(Data provided):
============

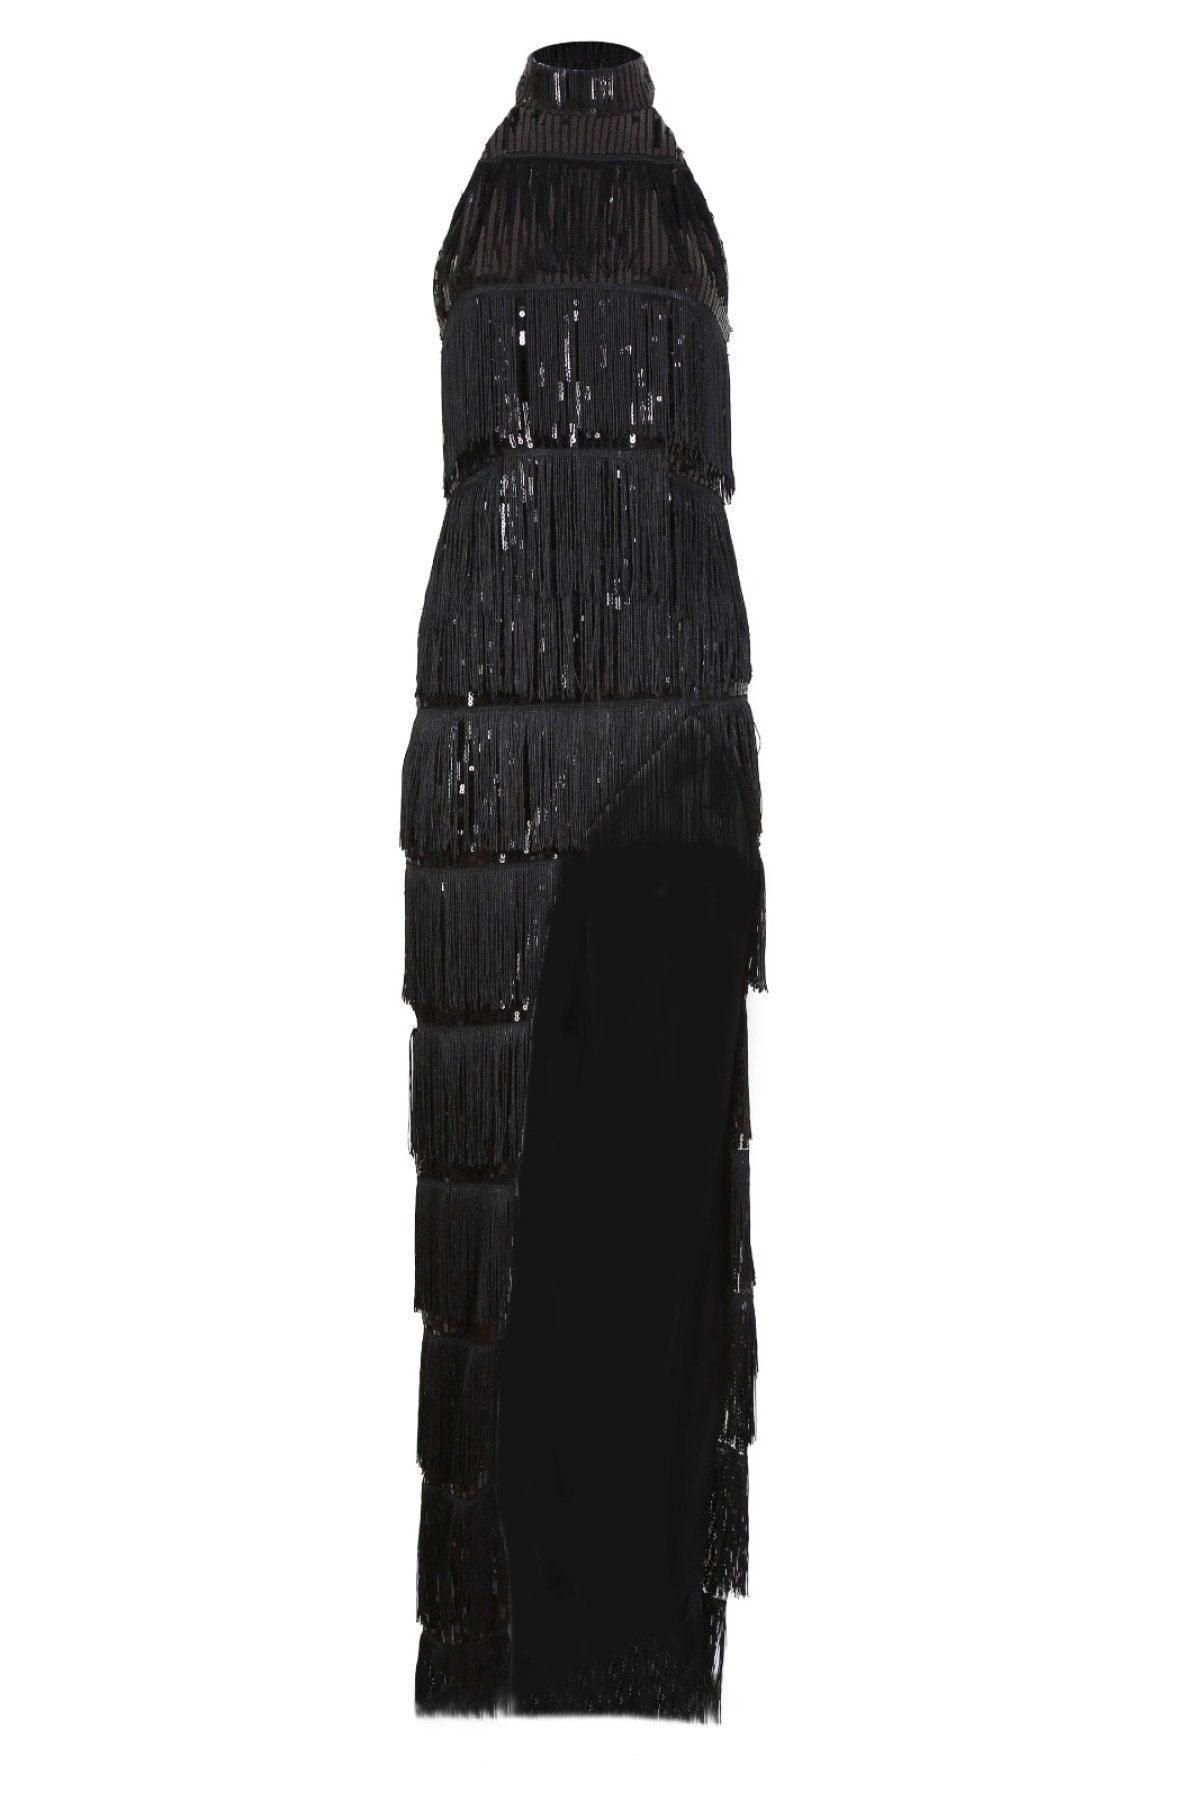 Black Evening Dress - Swordslife
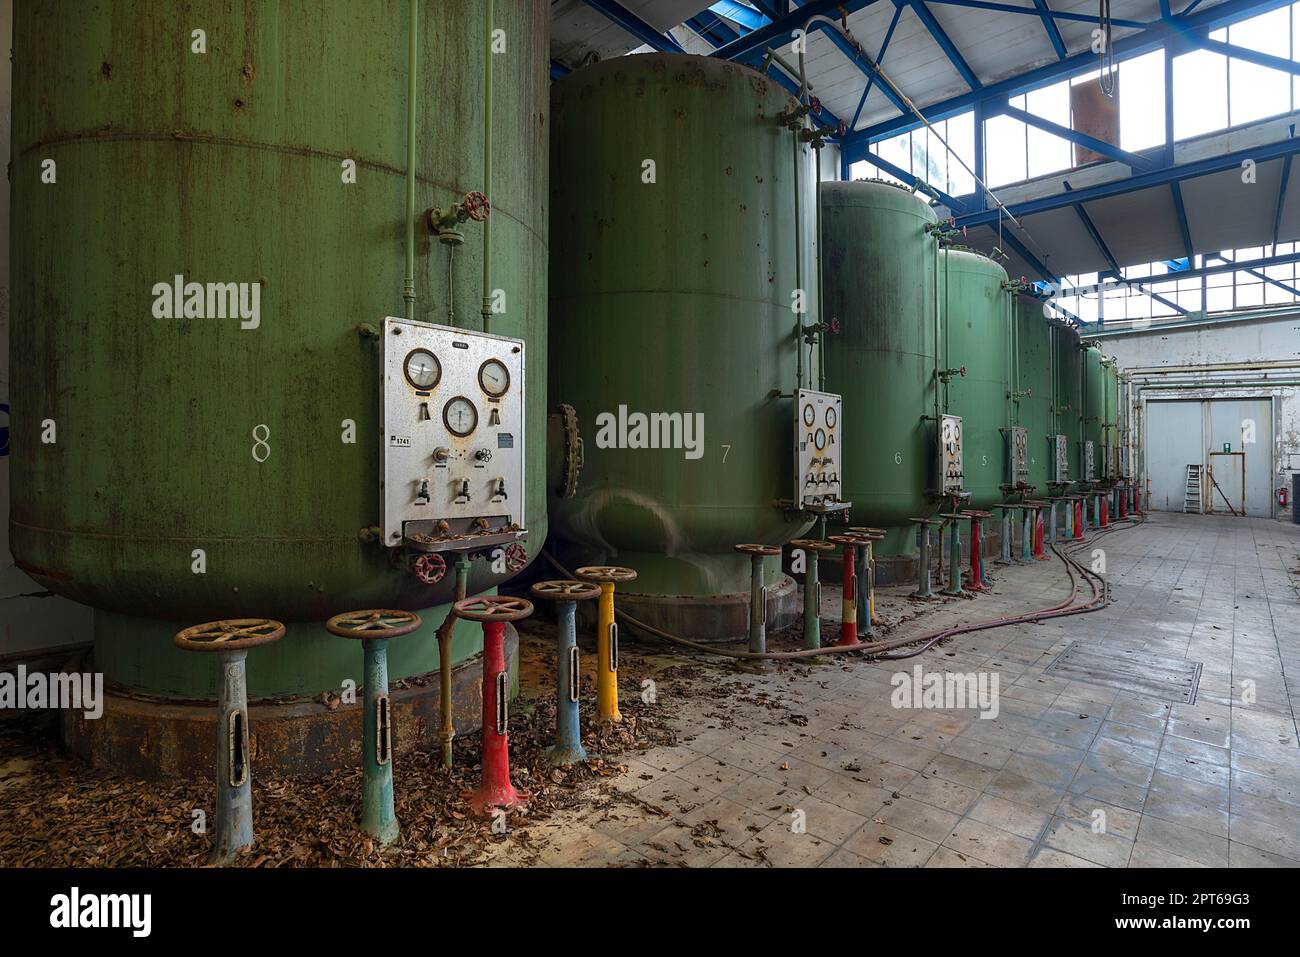 Serbatoi d'acqua dell'impianto di depurazione dell'acqua in una ex fabbrica di carta, Lost Place, Baden-Wuerttemberg, Germania Foto Stock
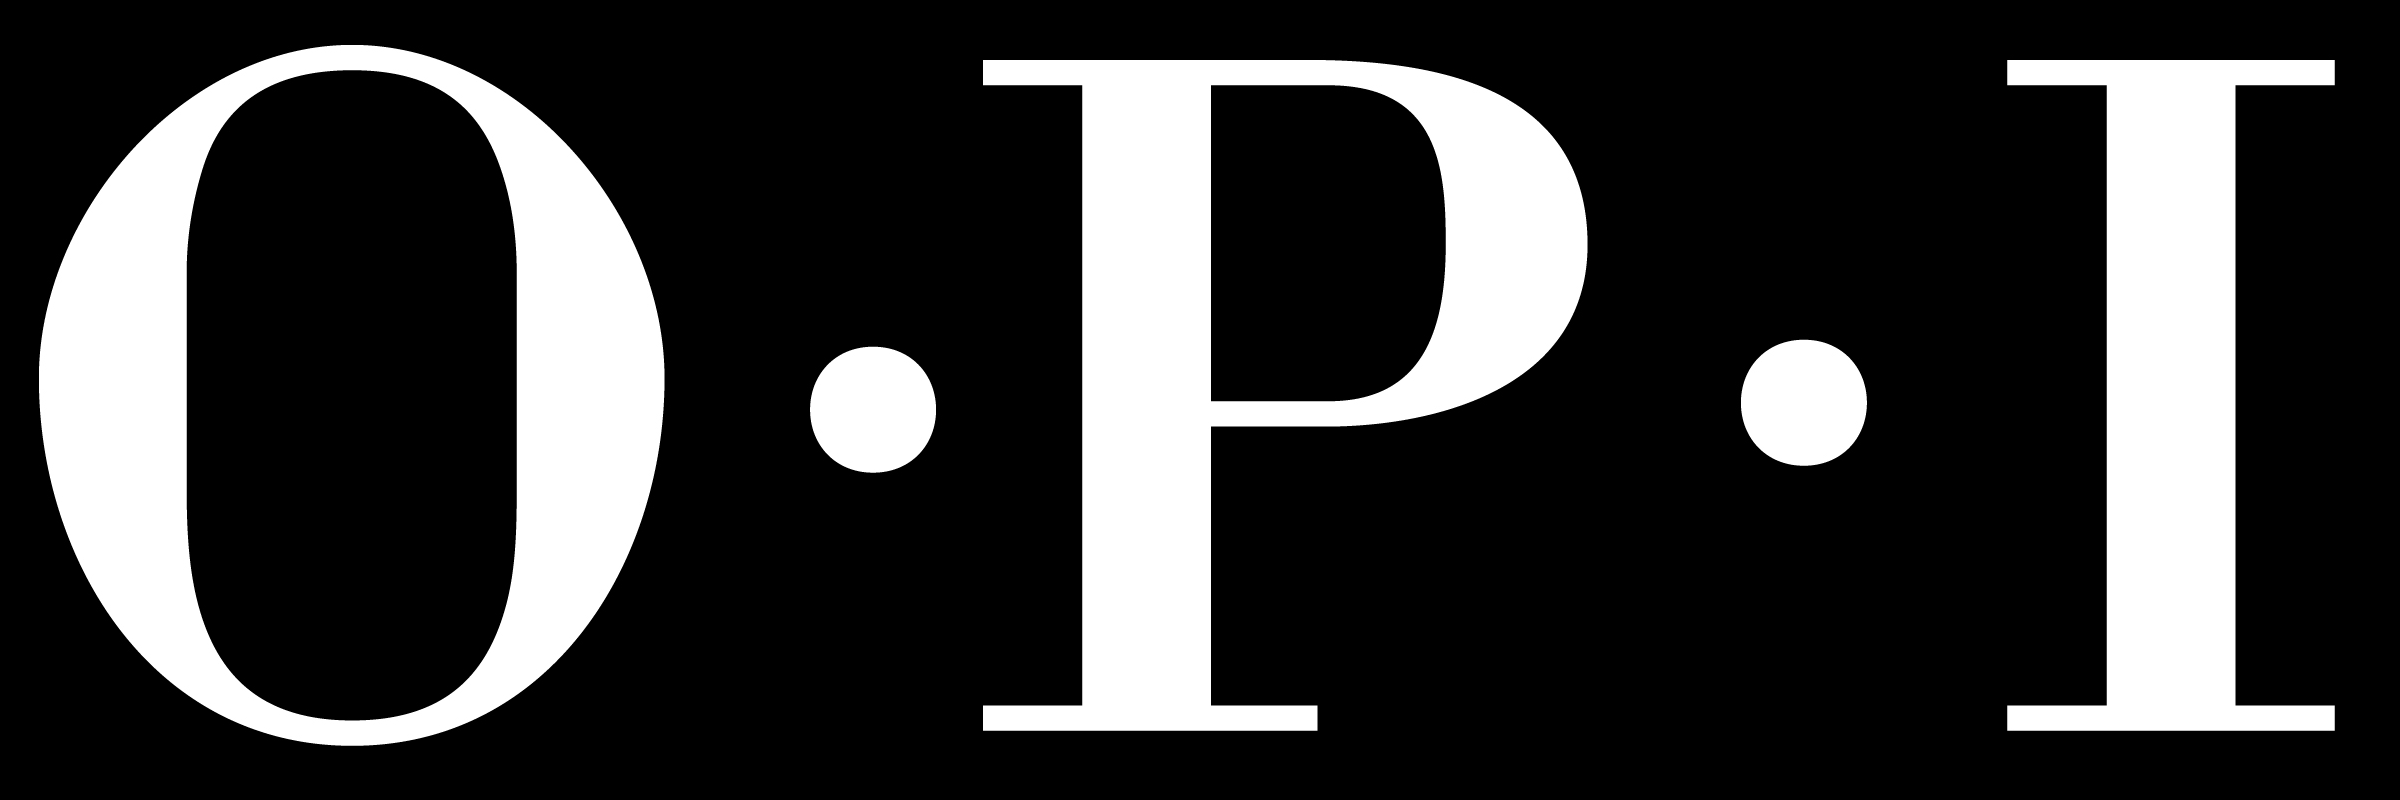 OPI Logo - OPI

============

(Exercise objective):
Return the listing above unchanged, apart from dropping its pictures.

(Solution):
 Black Evening Dress - Swordslife
 Serbatoi d'acqua dell'impianto di depurazione dell'acqua in una ex fabbrica di carta, Lost Place, Baden-Wuerttemberg, Germania Foto Stock
 OPI Logo - OPI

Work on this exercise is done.